June Havoc
Theatre
132 W. 36th St.
(212) 868-2055
Review by Christopher Zara
In his new comedy/drama December
Fools, Tony-nominated playwright Sherman Yellen (The Rothschilds) serves up
a rather bland examination of a fictional composer's postmortem fame and its
effects on his surviving family. Deceased ivory-tickler Alexander Temple has
Irving Berlin-like renown among Broadway cliques, yet his iconic status still
dictates life circumstances for the two people who were closest to him. Temple's
widow, Gloria, spends her days in her Fifth Avenue penthouse working to preserve
her husband's musical legacy; his daughter Marcie, meanwhile, seeks to escape
Daddy's shadow through a mediocre art career in New Mexico. Trouble erupts when
Marcie returns to New York for the holidays and stumbles upon a drawer full of
un-mailed letters, written by Gloria only for the sake of personal venting, yet
containing many juicy family secrets. Offended by her mother's concealment,
Marcie acts in typical, spoiled-rich-girl fashion: she addresses the letters to
their unintended recipients and mails them off.

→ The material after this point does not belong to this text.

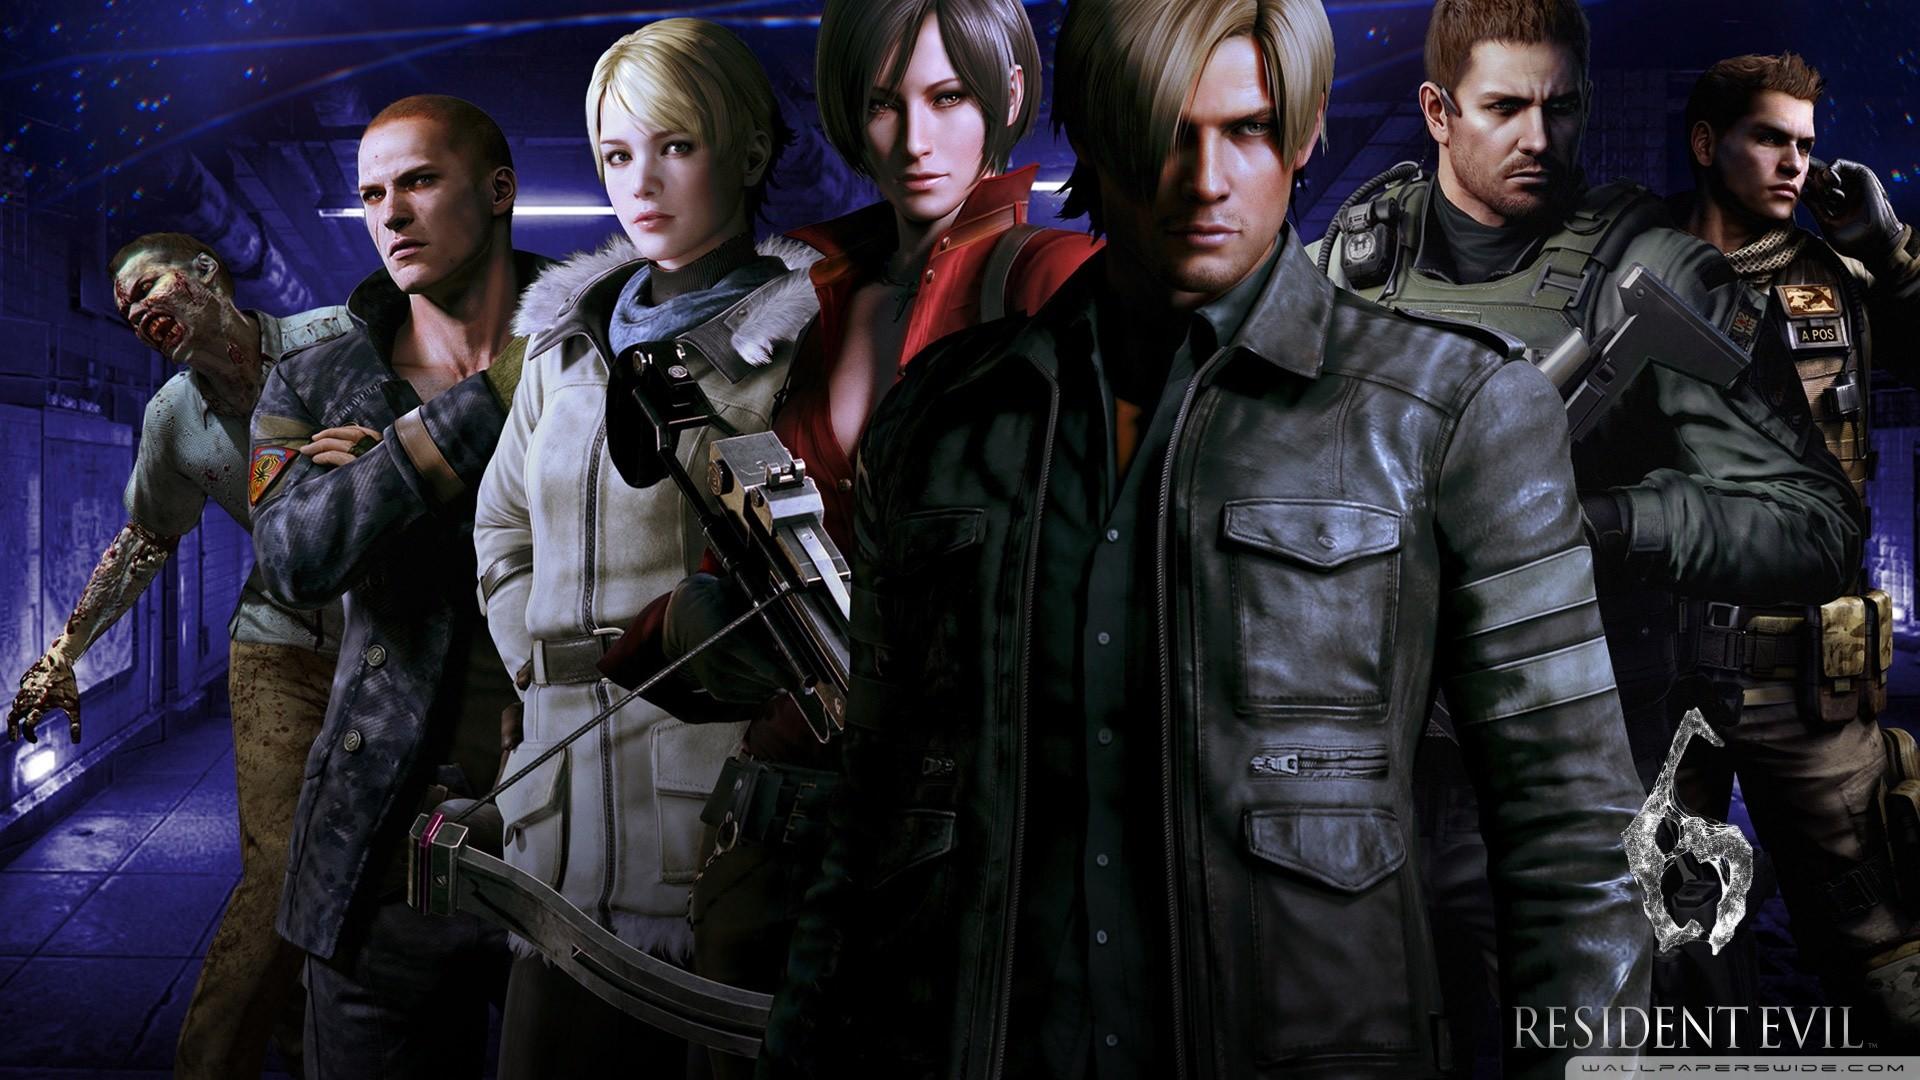 Resident Evil 6 Wallpaper 1080p 83 Images

Such a setup provides ample opportunity for both hilarious farce and scathing
drama, but neither of these manifests in Yellen's script which lacks the
cleverness to pull it off. As a whole, December Fools is full of missed
opportunities. The character of Marcie, for instance, could've been an
interesting one
— a satirical take on the Julian Lennons and Jakob Dylans of the
world whose famous names ruthlessly hinder their own artistic merits. Yellen has
written Marcie with such scarce likeability that we find ourselves reveling in
her lack of accomplishments.
The cast does manage to turn in some engaging moments. As Gloria, Elizabeth
Shepherd adeptly reveals the unspoken frustrations of a woman who has no
identity other than that of a legend's widow. Shepherd's flashback monologues
are particularly compelling, yet she lacks chemistry with the other performers,
especially Arleigh Richards, who plays Marcie. The discourse between these two
is far too clumsy to be credible mother-daughter jostling.
There's a moment in December Fools where Gloria laments the passing of
her husband's golden Broadway era. "Theater ain't what it used to be," she
sighs. We sigh as well, but more at her than with her.